Além disso, participou empenhada e activamente na vida política uruguaia
e, em 1971, foi nomeado director do
Departamento de Literatura Hispanoamericana
na Faculdade de Humanidades e Ciências da
Universidade da República de Montevideu.
Após o Golpe de Estado de 27 de Junho de
1973, Mário Benedetti renunciou ao cargo na
Universidade, tendo partido para o exílio,
primeiro para Buenos Aires, onde foi
ameaçado de morte, posteriormente, para o
Peru, onde foi detido e deportado. Em 1976,
escolheu Cuba como destino, onde viveu
durante quatro anos, rumando depois a
Espanha, mais concretamente, a Madrid.
Aliás, este último país foi considerado como
um espaço privilegiado, o seu lar adoptivo.

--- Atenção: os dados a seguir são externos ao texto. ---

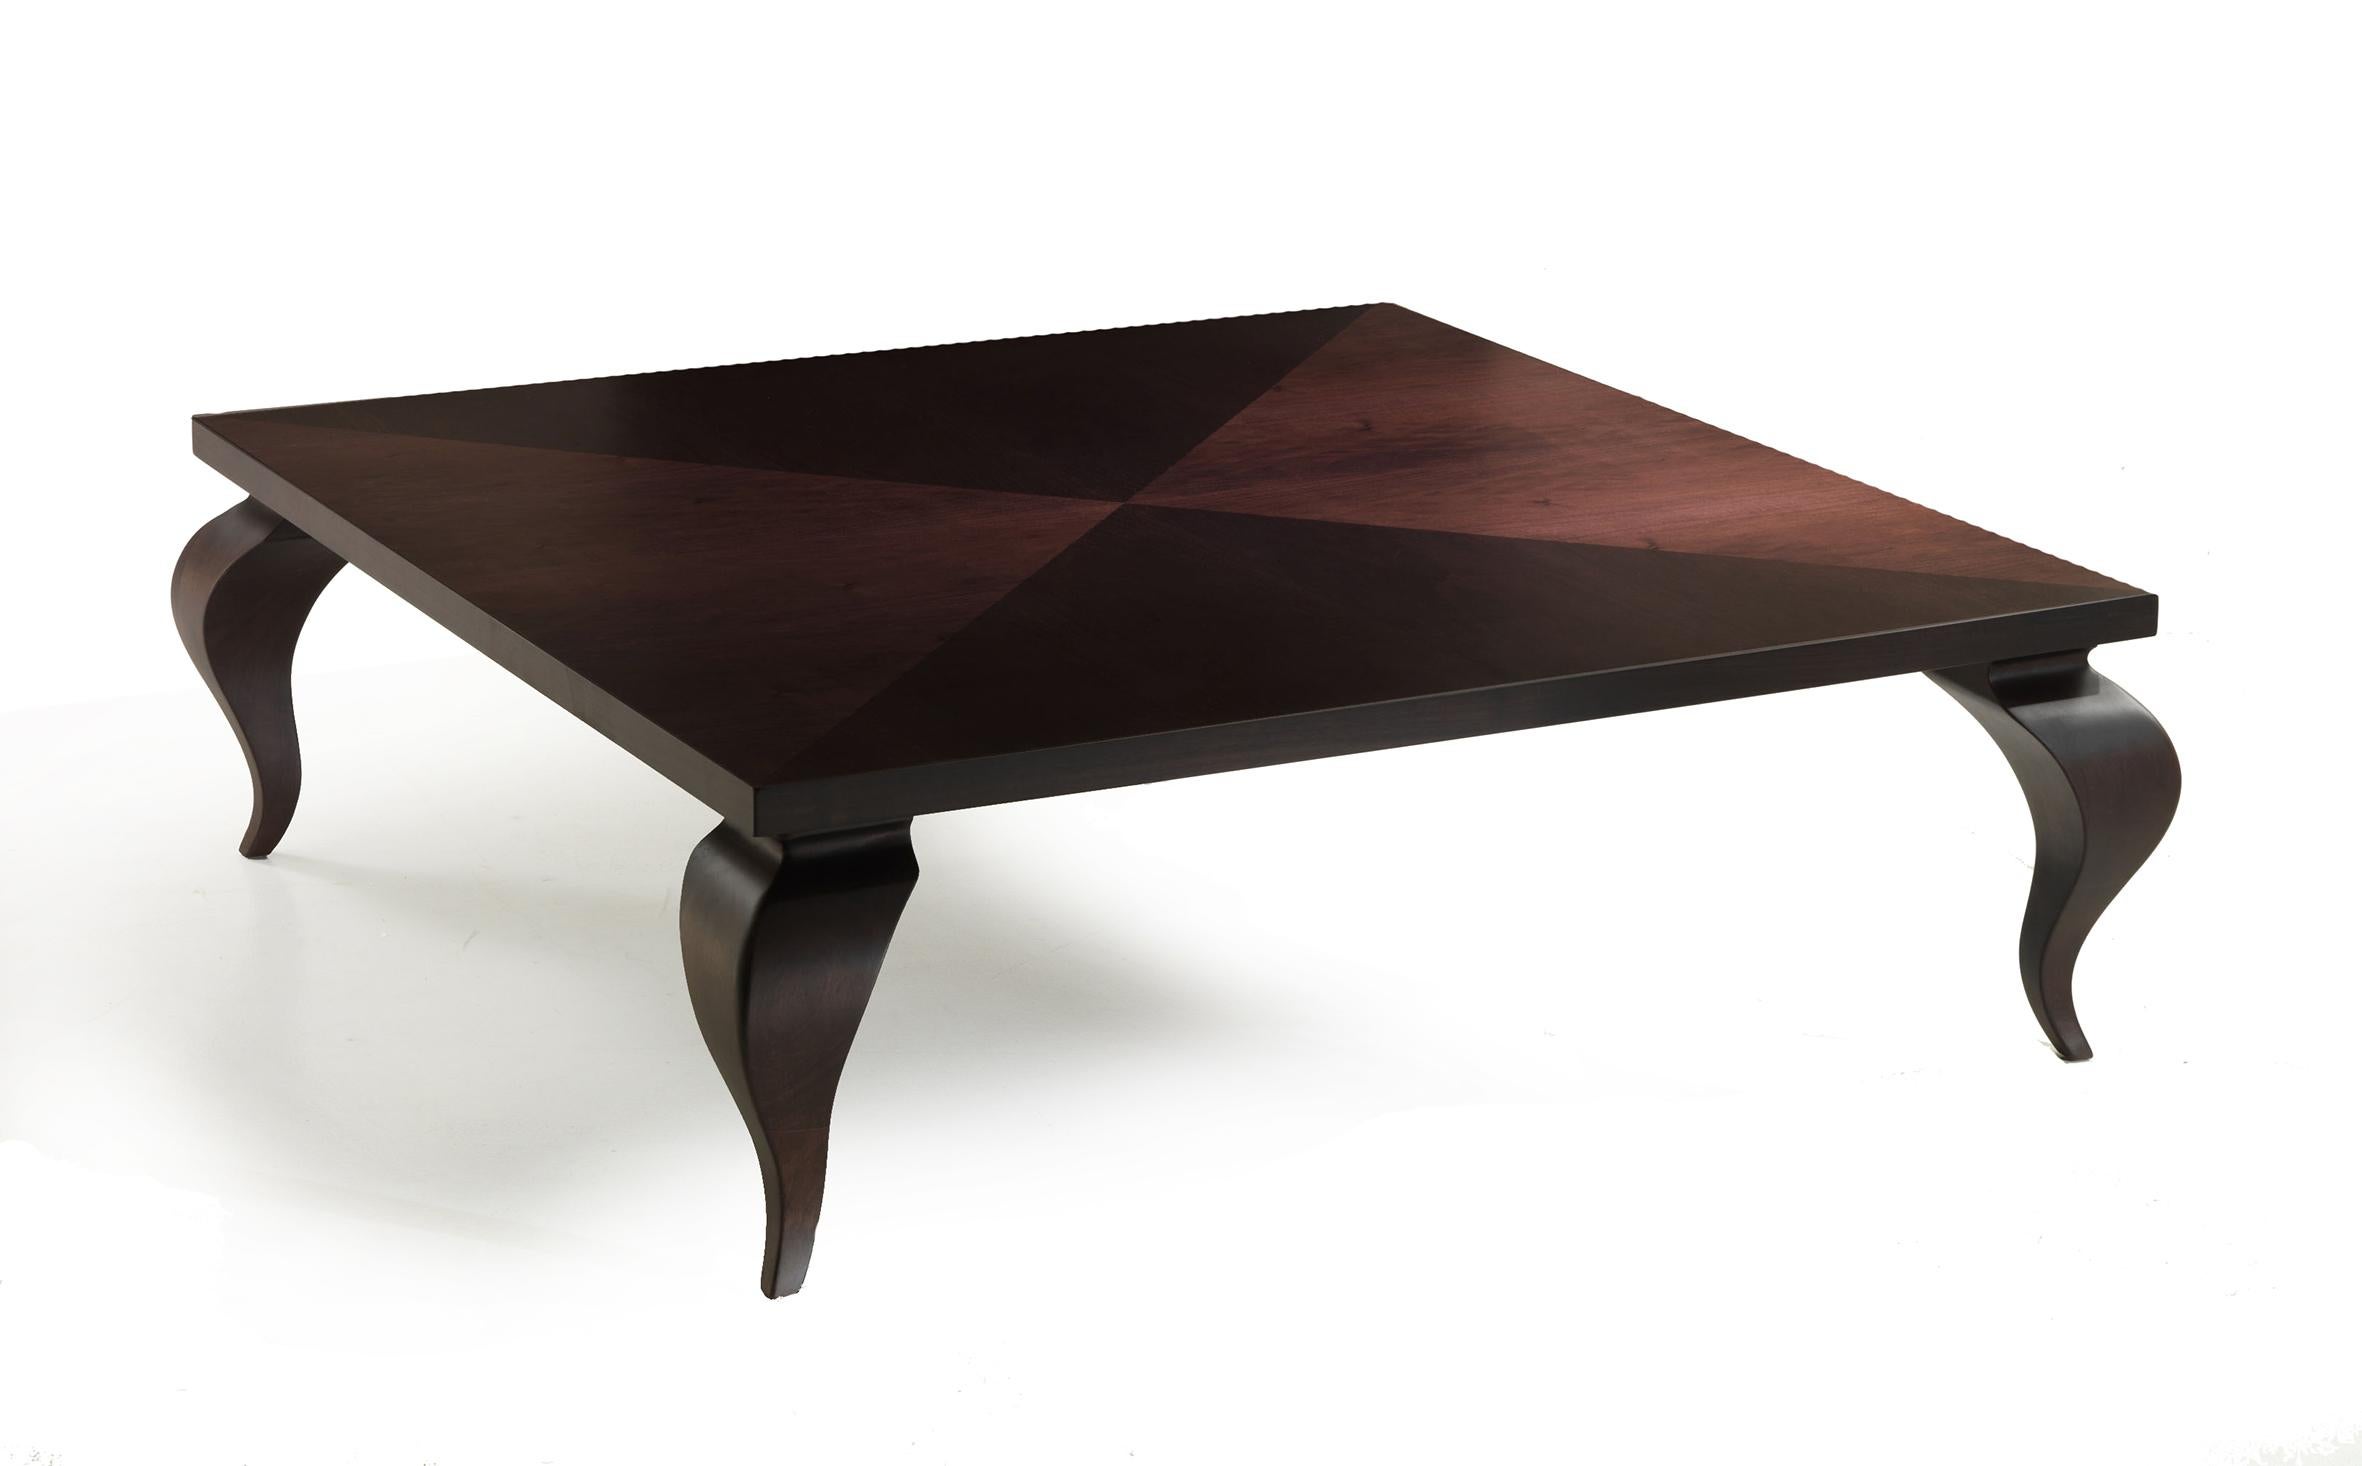 Voici la table à cocktail Duon-ino, un chef-d'œuvre de design imaginé par le talentueux Aldo Cibic. Cette création italienne artisanale est une célébration des contrastes, où une grande surface carrée à la précision angulaire rencontre l'allure

Regressou ao Uruguai em 1983, iniciando o que autodenominou como período
de “desexílio”, motivo de muitas obras.
Nesta esteira, afirmou o autor:
“El exilio es el aprendizaje de la
vergüenza. El desexilio, una provincia de la
melancolia”. Do seu país natal, salienta a
mudança, após a ditadura, paralelamente ao
seu próprio amadurecimento depois de ter
vivido em quatro países tão distintos: “De
los gobiernos no se aprende nada, pero de la
gente de la calle yo aprendí mucho y
entonces volví diferente, más maduro, otra
persona, aunque siempre con el arraigo de mi
ciudad”.
No entanto, foi o exílio que lhe permitiu atravessar todas as fronteiras e
adquirir uma dimensão universal, sendo um
dos temas que impregna diversas obras suas.
Um exílio que pode ser exterior ou interior,
adquirindo, por vezes, uma dimensão
ontológica que ultrapassa o circunstancial.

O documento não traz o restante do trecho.